The great grandson of Mahatma Gandhi, Tushar Gandhi, on October 30, moved the Supreme Court to reopen the assassination case on Mahatma Gandhi in January 1948.
The SC on Monday adjourned the hearing for four weeks.
A bench of the apex court, Justices S A Bobde and M M Shantanagoudar raised concern over Tushar's plea and asked him that what is his locus in the 70-year old case.
Tushar's lawyer and senior advocate, Indira Jaising said that she will brief the court on their plea once it issues further notice to proceed in the case.
Earlier in October, the apex court had appointed a senior advocate, Amrender Sharan as amicus curiae (friend of the court) in this case.
In a reply to Tushar's plea, the SC bench also said that there are several ifs and buts in this case and hence they would wait for the report by amicus curiae.
Sharan had asked the SC four weeks to extract relevant documents of the assassination from the national archives.
Mahatma Gandhi was shot at point blank range, by Nathuram Vinayak Godse, a right-wing activist, on January 30, 1948.

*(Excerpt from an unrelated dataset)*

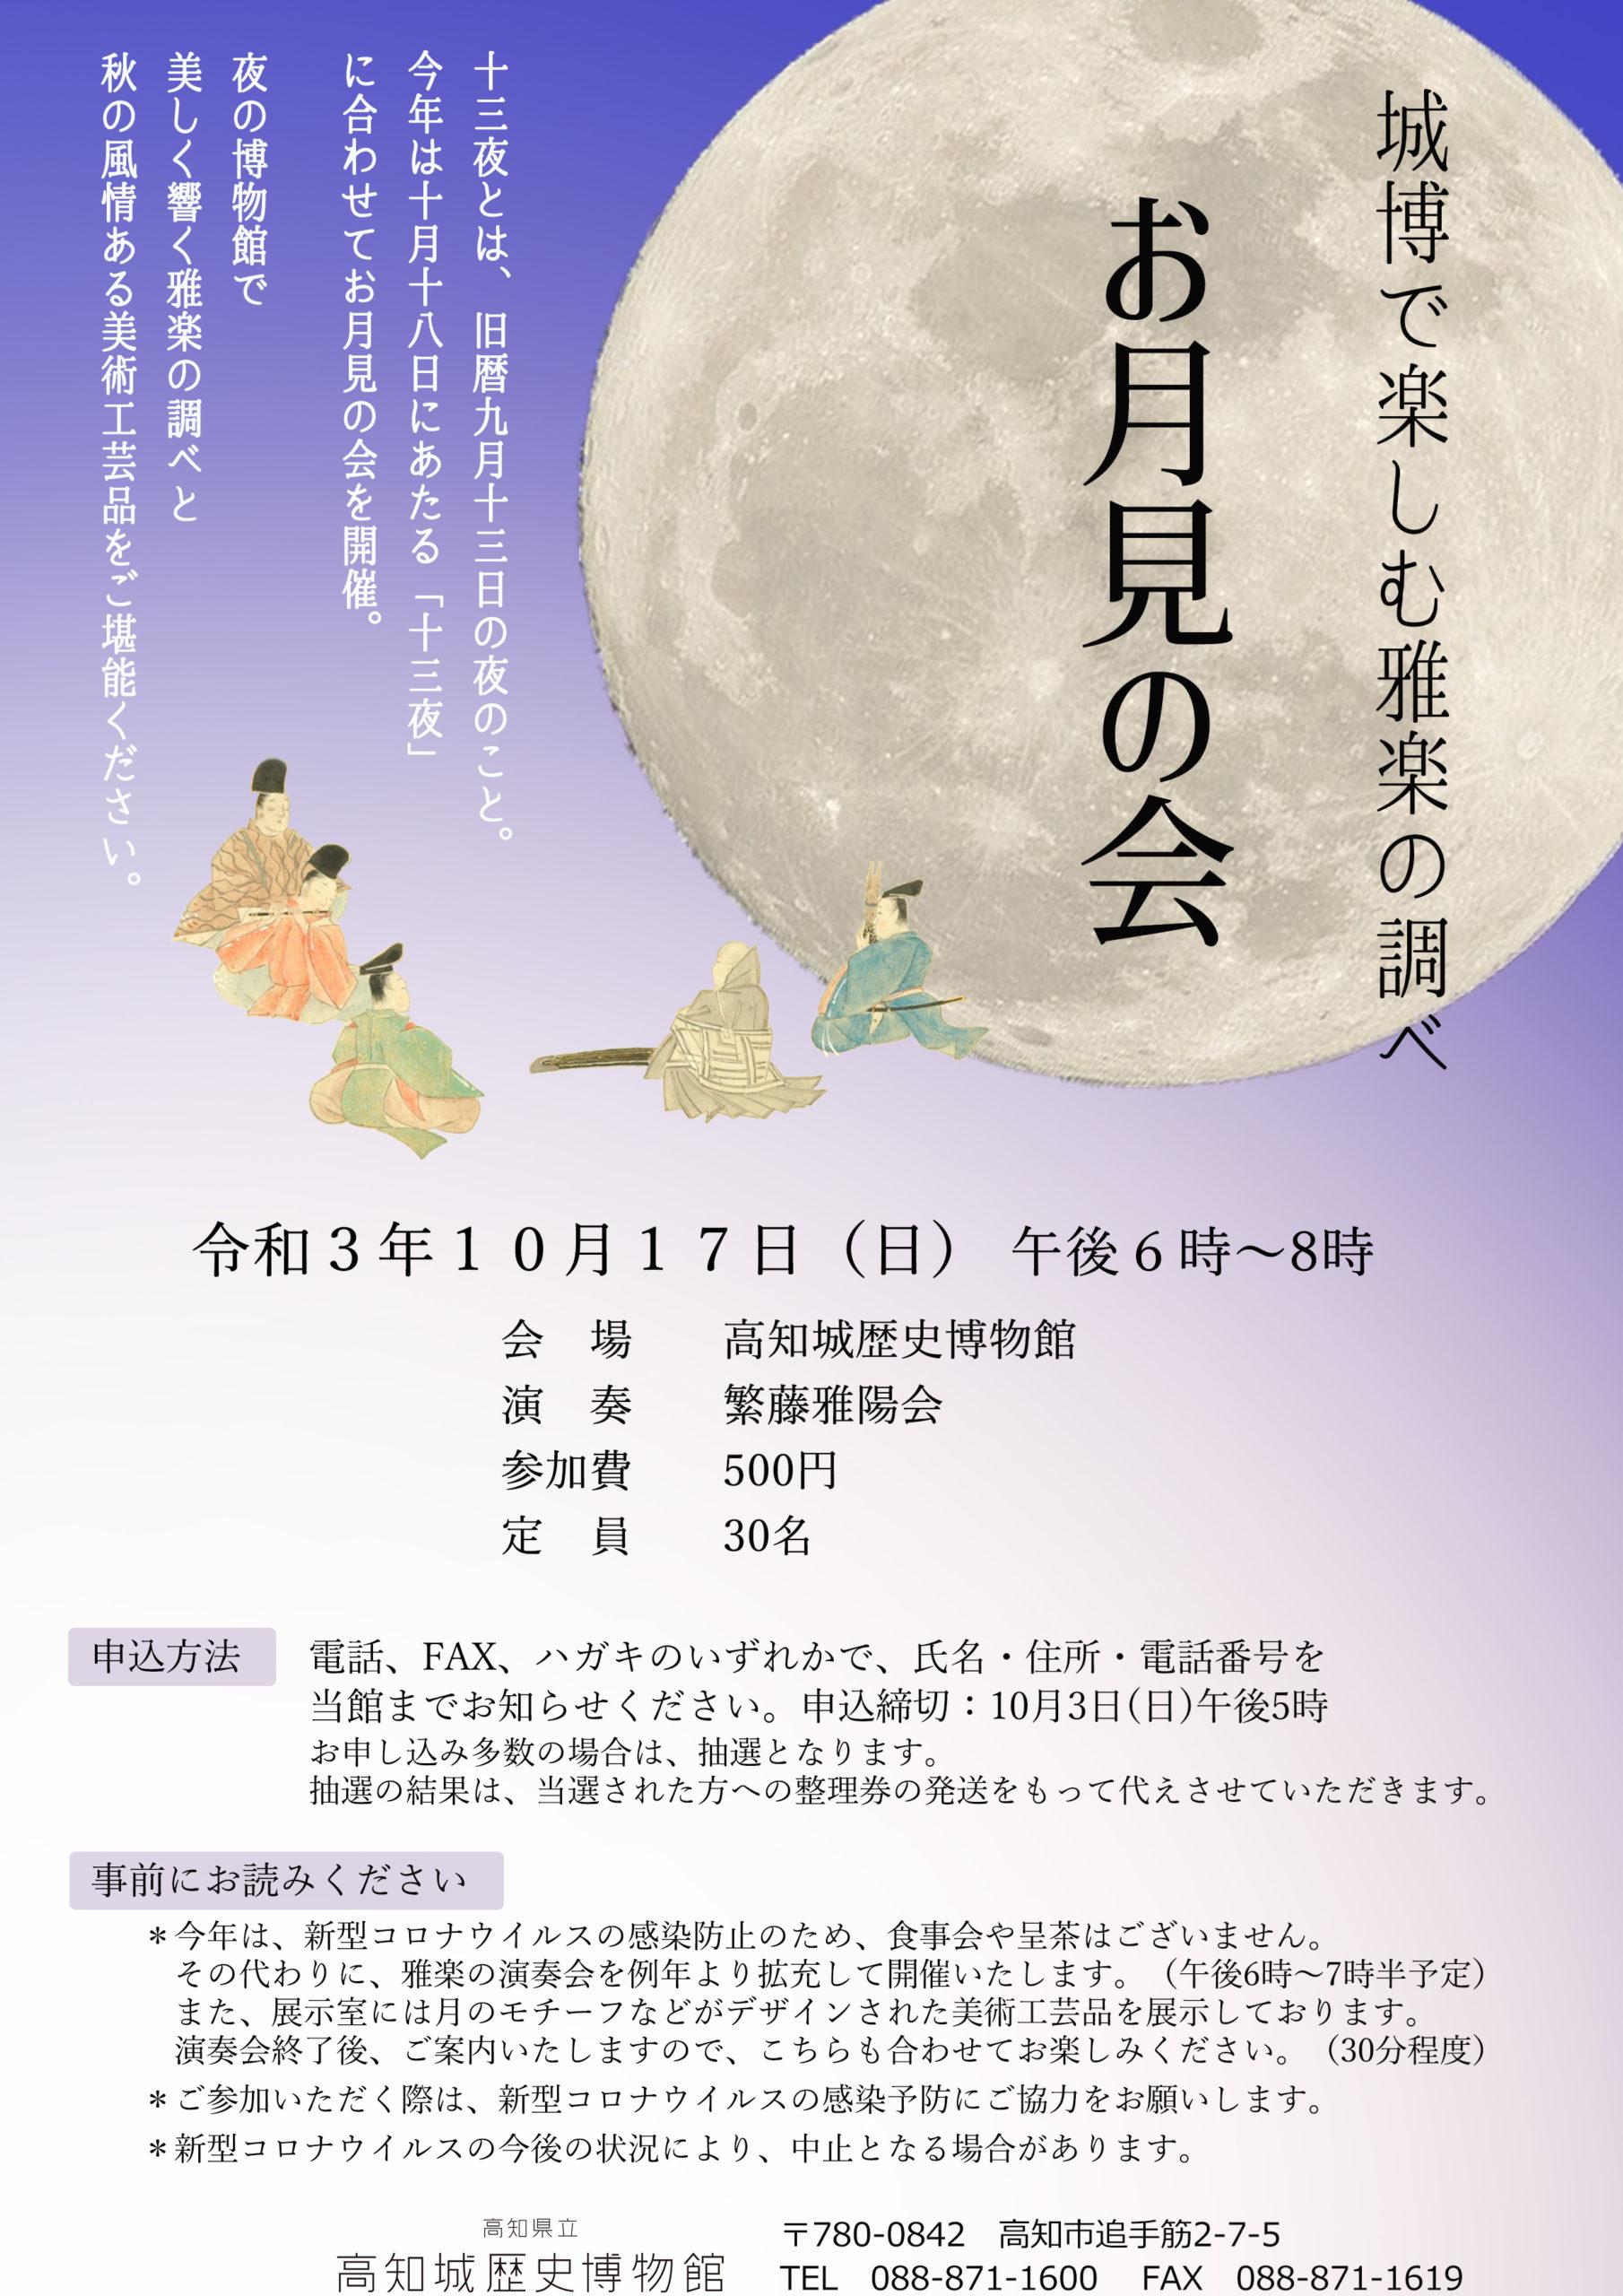 お月見の会 城博で楽しむ雅楽の調べ

Earlier an independent researcher and co-founder of Abhinav Bharat, Pankaj Phadnis had filed a petition in the SC to reopen the case. Phadnis had pointed out the fourth bullet theory in Gandhi's murder .

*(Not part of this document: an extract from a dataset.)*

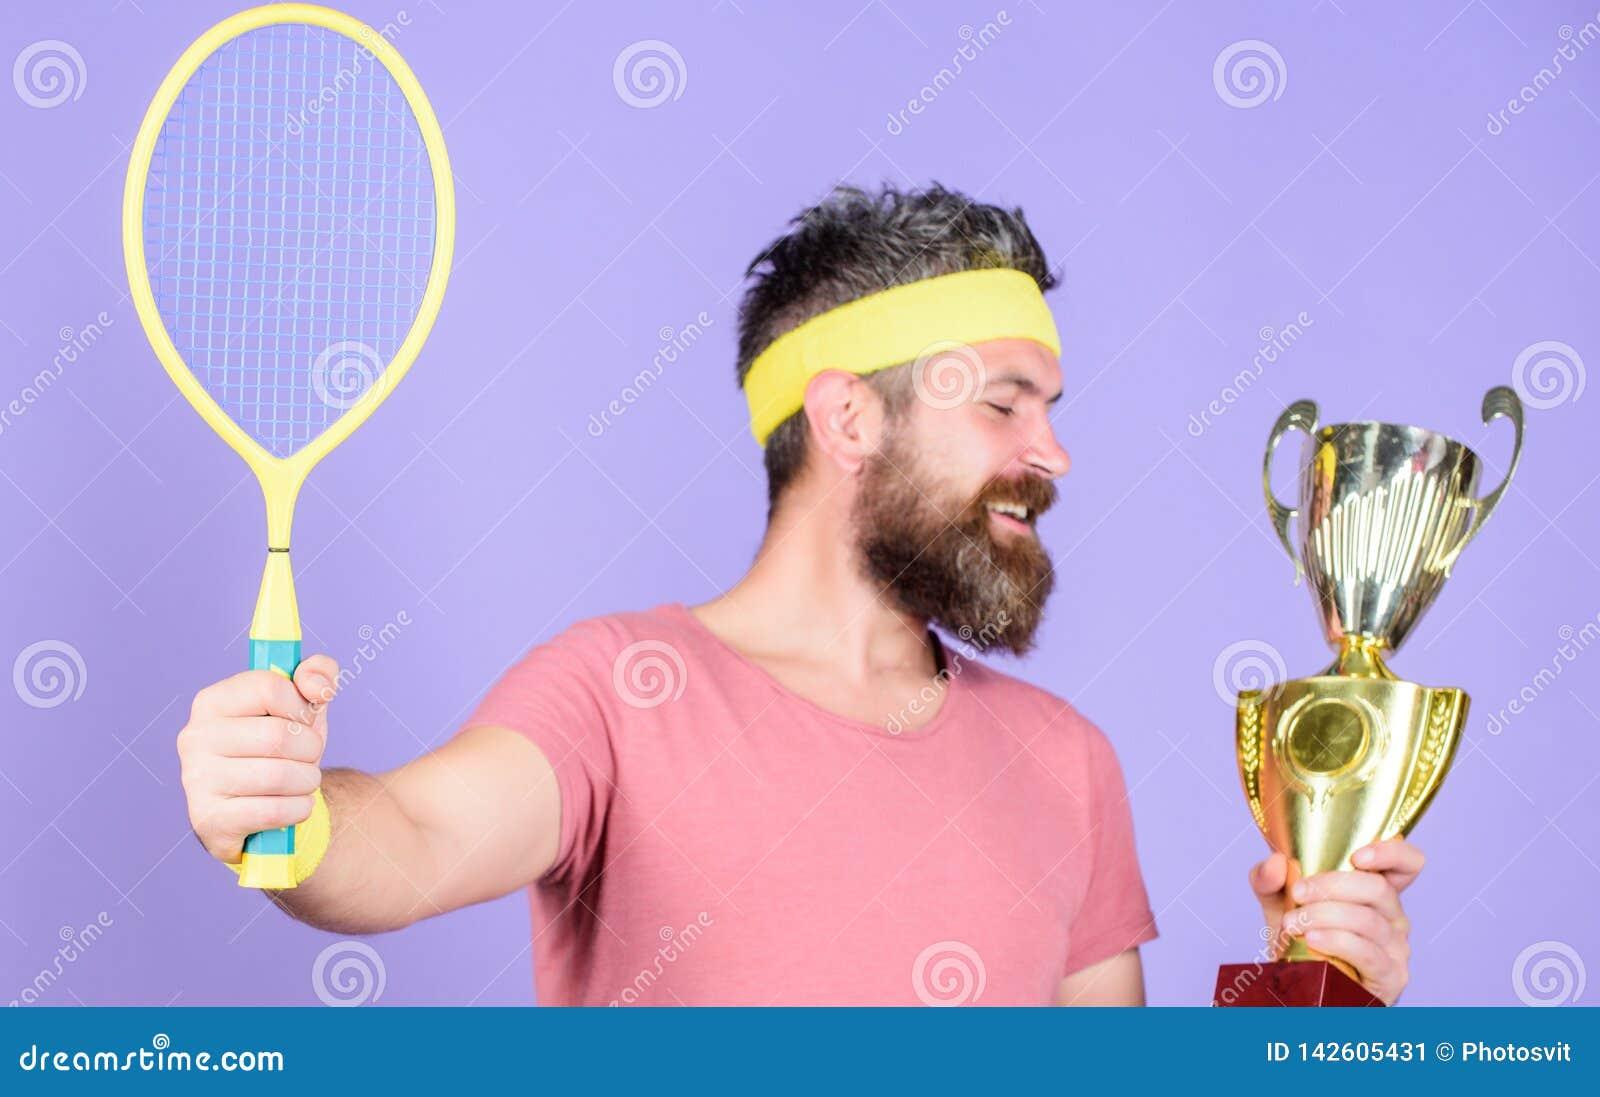 Campeonato da vit?ria do jogador de t?nis Raquete de t?nis da posse do atleta e c?lice dourado Jogo do t?nis da vit?ria Desgaste

Phadnis in his petition mentioned reports by the national dailies including Dawn, Reuters, Times of India and Loksatta on the next day of the murder that said that Gandhi died after a forth bullet hit him.
Phadnis presented excerpts of a newspaper cutting of The Hindu which was stuck to a board in Birla House, outside Gandhi's bedroom. The cutting clearly narrates the presence of four wounds on Gandhi's body, Phadnis said.
Meanwhile, the SC has said that it's hard to gather evidence from a case in which two people, Nathuram Godse and Narayan Apte have already been convicted and executed on November 15, 1949.